Я решительно иду к двери.
– Не уходи, Тата, ради бога, не уходи! Я не скажу тебе больше ни слова. Но не уходи… хоть сегодня.
Это лицо такое бледное, глаза такие странные.
Я остаюсь, потому что, кто его знает, что он наделает без меня. Мне его жаль… Но как мне это все надоело!
Сидоренко пришел прощаться. Он держал себя очень странно, точно в чем-то провинился.
Наш разговор в присутствии Васеньки – самый светский разговор, да и тот не ладится.
Он надевает пальто в передней, уже просовывает одну руку в рукав, вдруг неожиданно поворачивается ко мне.
– Татьяна Александровна, – говорит он взволнованно, – если вам нужно будет когда-нибудь преданного искреннего друга, позовите меня… Все это, – он неопределенно махнул рукой, – кажется мне какой-то сказкой, я до сих пор не верю… Скажите, неужели эта правда? И вы не попросили Старка устроить комедию, чтобы… ну, чтобы избавиться от меня? В голосе его дрожат слезы.
– Виктор Петрович, голубчик, что вы говорите? Неужели вам могли прийти такие мысли?

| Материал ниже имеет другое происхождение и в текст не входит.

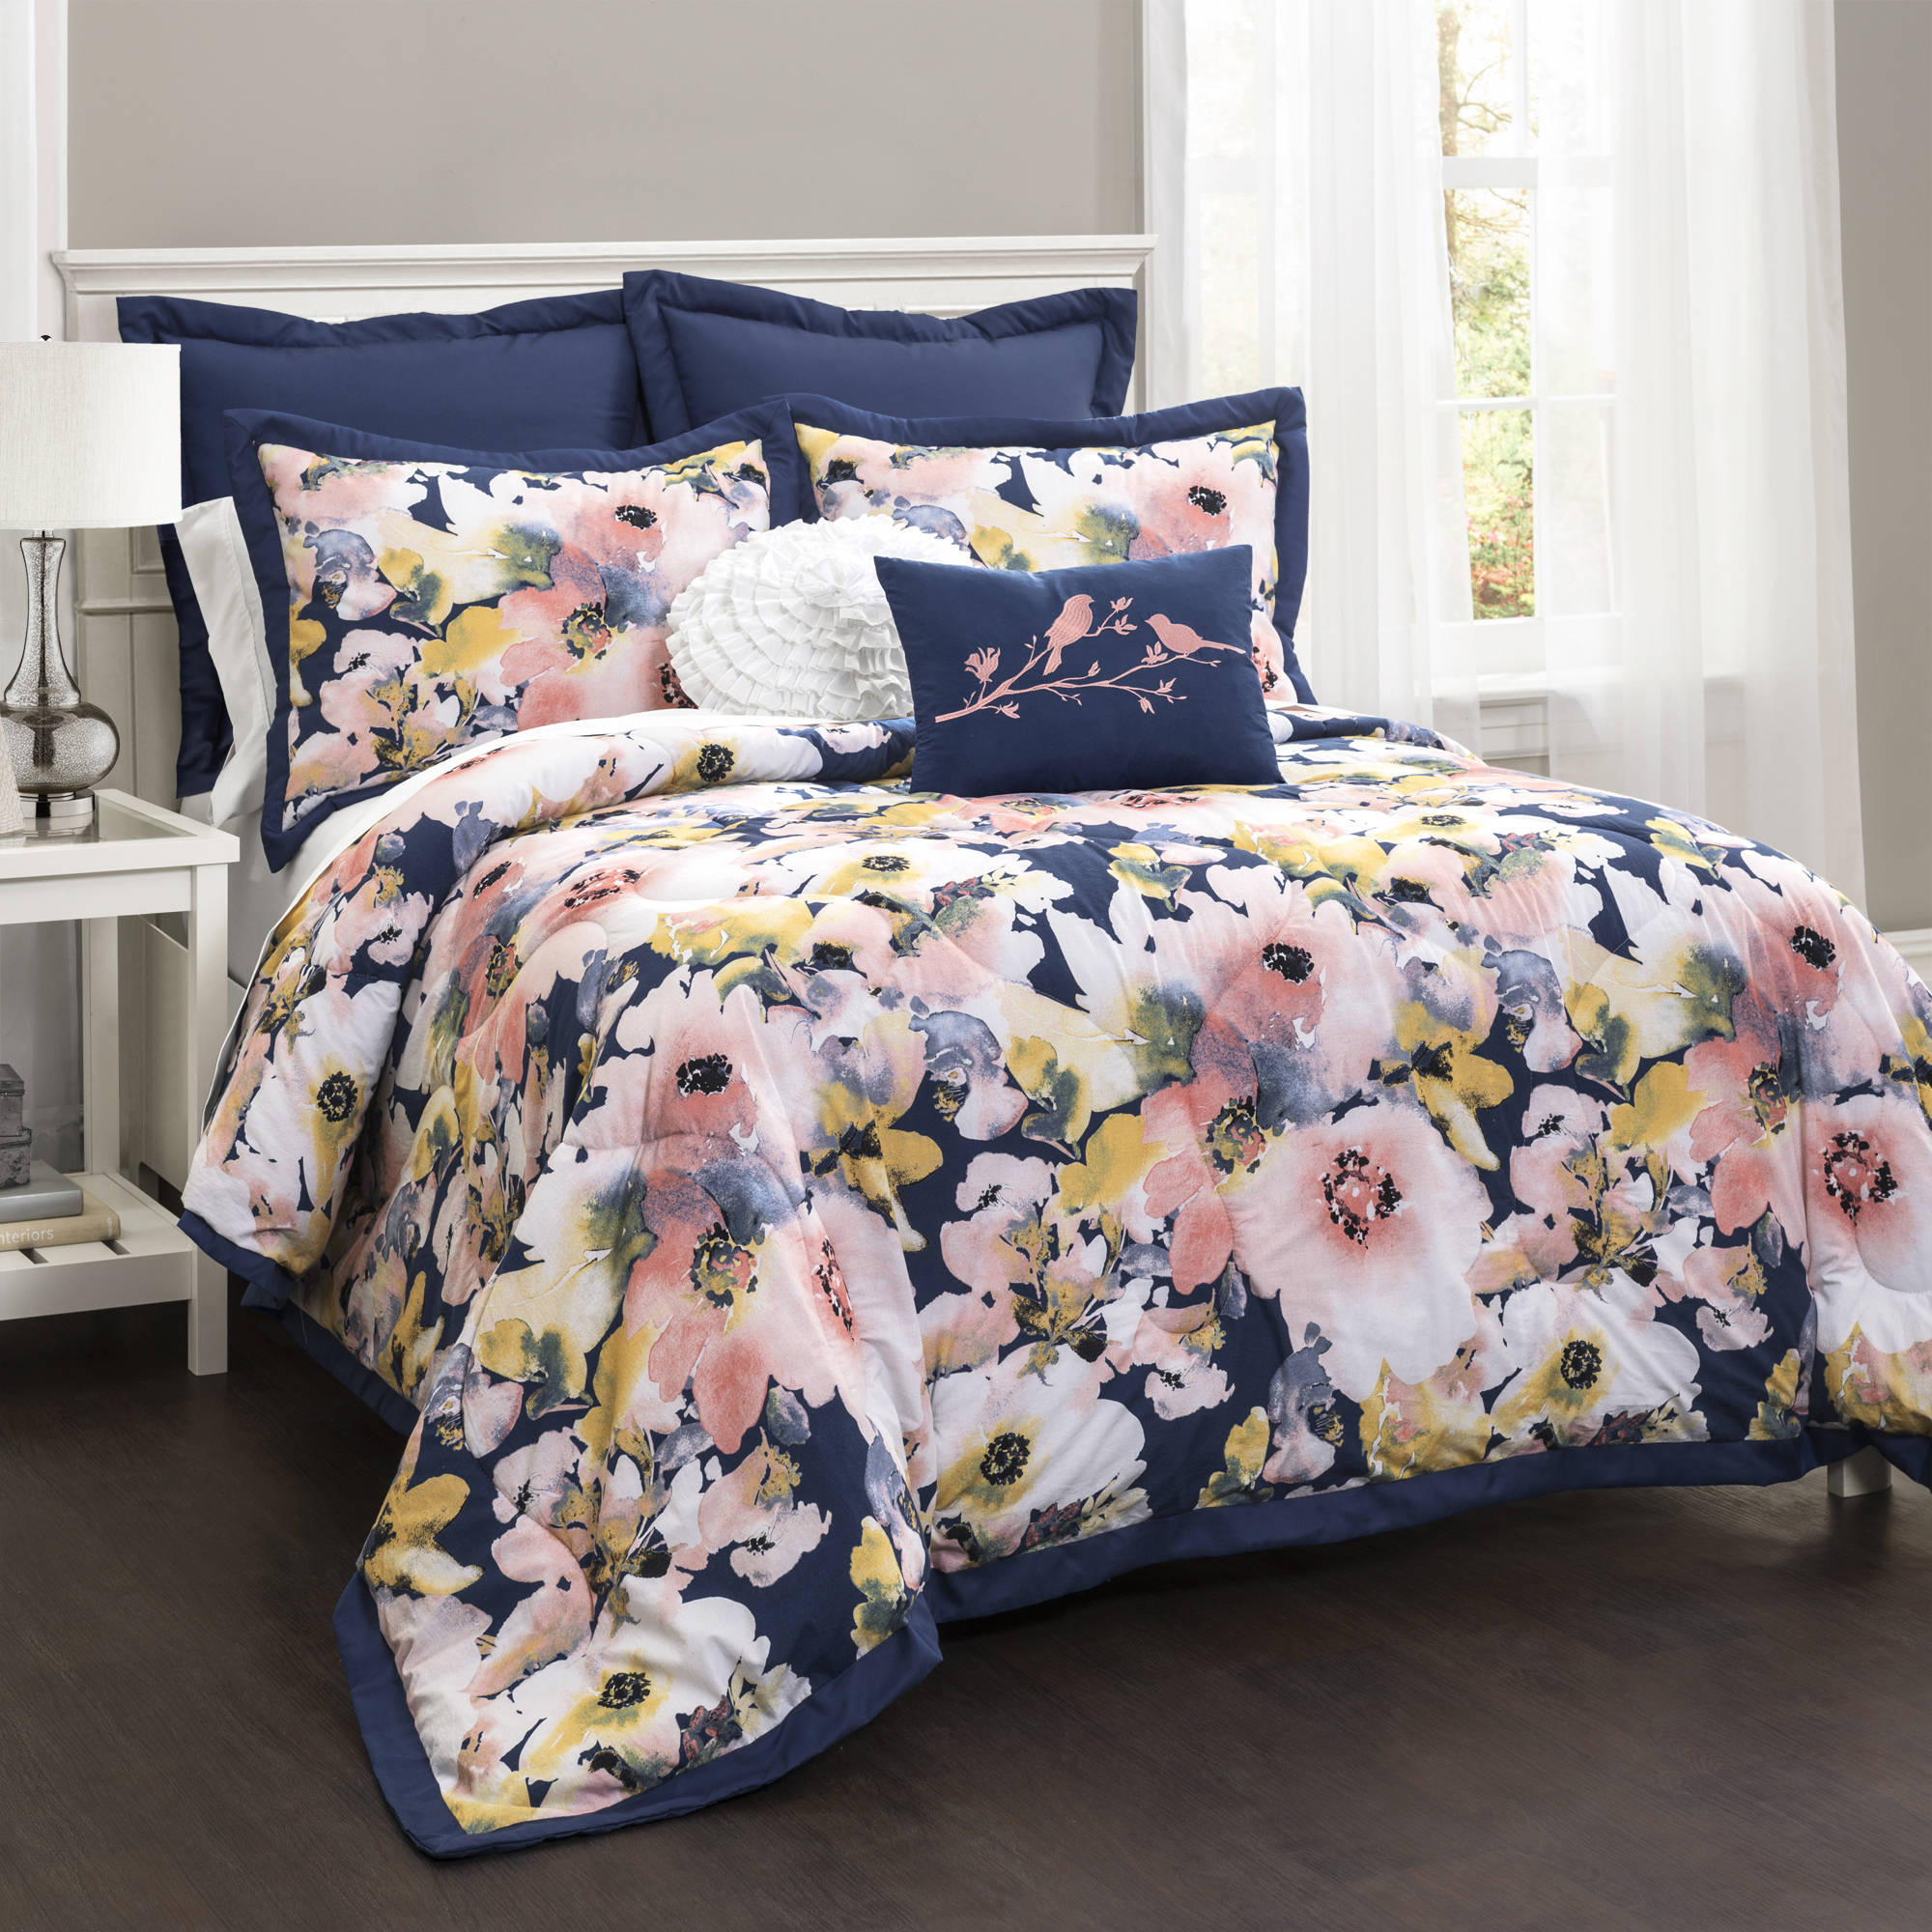 Floral Watercolor 7 Piece Bedding Comforter Set Walmart Com

– Конечно, конечно, но я, как утопающий, хватаюсь за соломинку. Да и почему же нет? Старк красив, но… Татьяна Александровна, я его знаю, он любить не умеет… я не потребую от вас любви… А вы… вы сгорите на этой страсти… И вот тогда… тогда дайте мне знать. Вы вдова, я холост. Прощайте.
И он выбежал, так и не надев пальто.
Возвращаюсь от доктора. Взяла извозчика, ноги подкашиваются, в голове стучит, и я бессознательно твержу: «Как я об этом не подумала?»

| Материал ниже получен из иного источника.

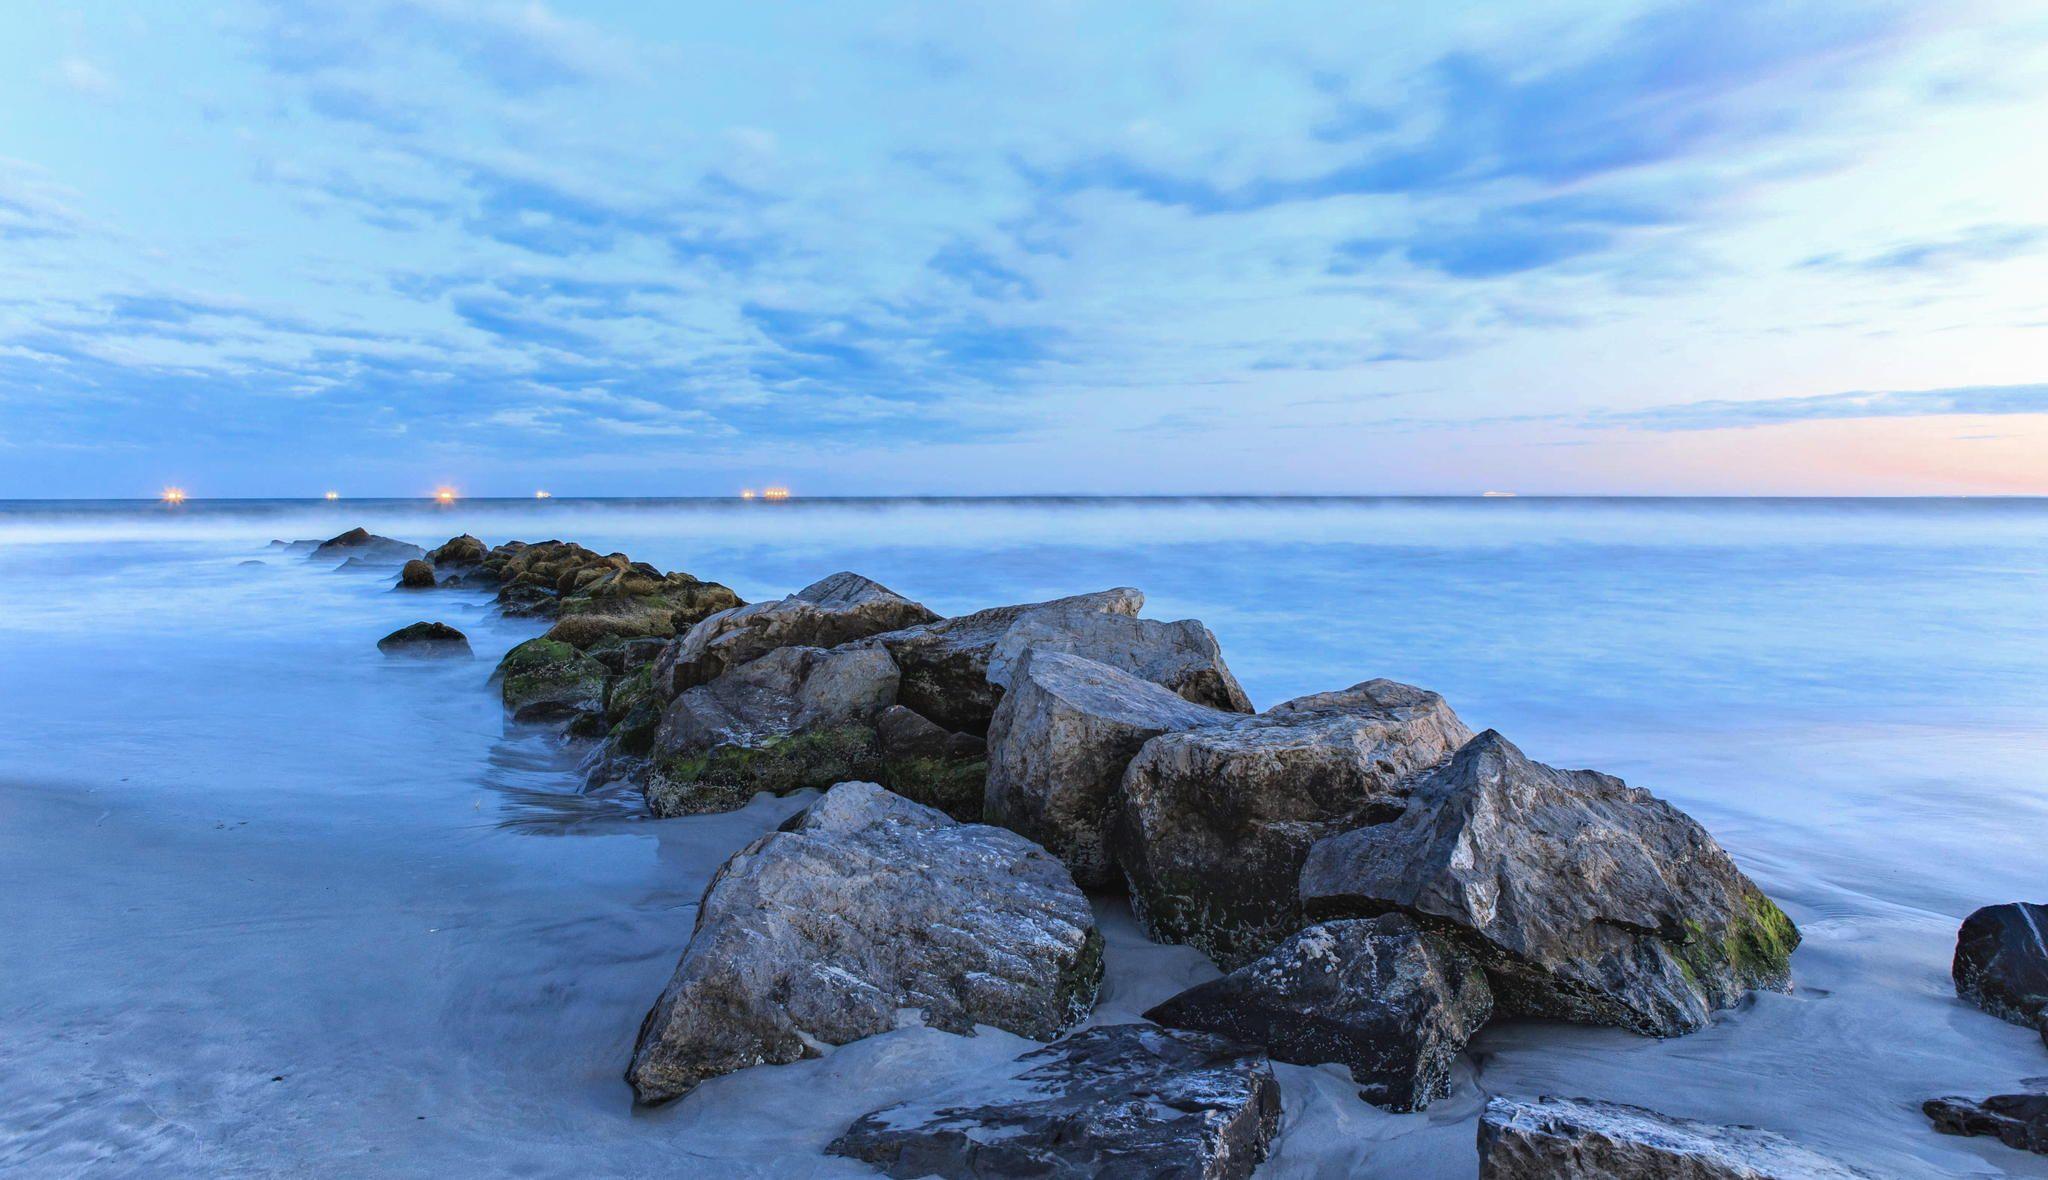 LONG BEACH by Oleg Kotelskiy on 500px

Вхожу в кабинет Старка, снимаю боа, шляпу, кладу муфту. И все это делаю автоматически.
Он радуется, что я пришла так рано, усаживает меня у камина и вдруг, всмотревшись в мое лицо, с беспокойством спрашивает:
– Что случилось, Тата?
– Я была у доктора.
– Он нашел у тебя какую-нибудь опасную болезнь? Говори скорей!
– Нет, я не больна, но у меня будет ребенок. Что с ним?
– Эдди, дорогой, что с тобой?
Он падает у моих ног и рыдает, рыдает…
Я хочу его поднять, но он прижался головой к моим коленям и дрожит с головы до ног. Я хочу встать, но его сильные руки сплелись так судорожно-крепко на моей талии.
Жалость, какая-то необыкновенная жалость охватывает меня, я готова сама плакать.
– Ну, Эдди, – говорю я со слезами, – пожалей мои нервы.
Он поднимает голову.
Из его глаз катятся слезы, но лицо сияет таким восторгом, таким счастьем!
Это лицо красиво и в слезах. Вот таким, как теперь, не напишешь его. Прав Латчинов, что когда природа берется за искусство, то наше творчество – ничто перед нею.
– Ну и нервы же у тебя, – улыбаюсь я и вытираю платком его глаза. – Отчего это тебя так взволновало?
Он поднимается с колен и, не спуская с меня глаз, говорит почти строго:
– Ты помнишь, я говорил тебе, что я молился? Я киваю.
– Я молился об этом! Я просил ребенка, я знал, что этот ребенок свяжет нас навсегда. Что ты, которая не любишь меня…
Я делаю движение.
– Не лги, Тата, ты не любишь меня, ты любишь мое тело, но не меня самого. Не знаю, отчего у тебя загорелась страсть ко мне, но она поддерживалась только моей наружностью. Ты не любишь прозы жизни, ты нашла в моей любви поэзию. Ты всегда говорила, что моя любовь красива, ты только это и заметила в ней, а до ее глубины, искренности, преданности тебе не было дела.
Я сидела, опустив голову, я чувствовала правду в его словах.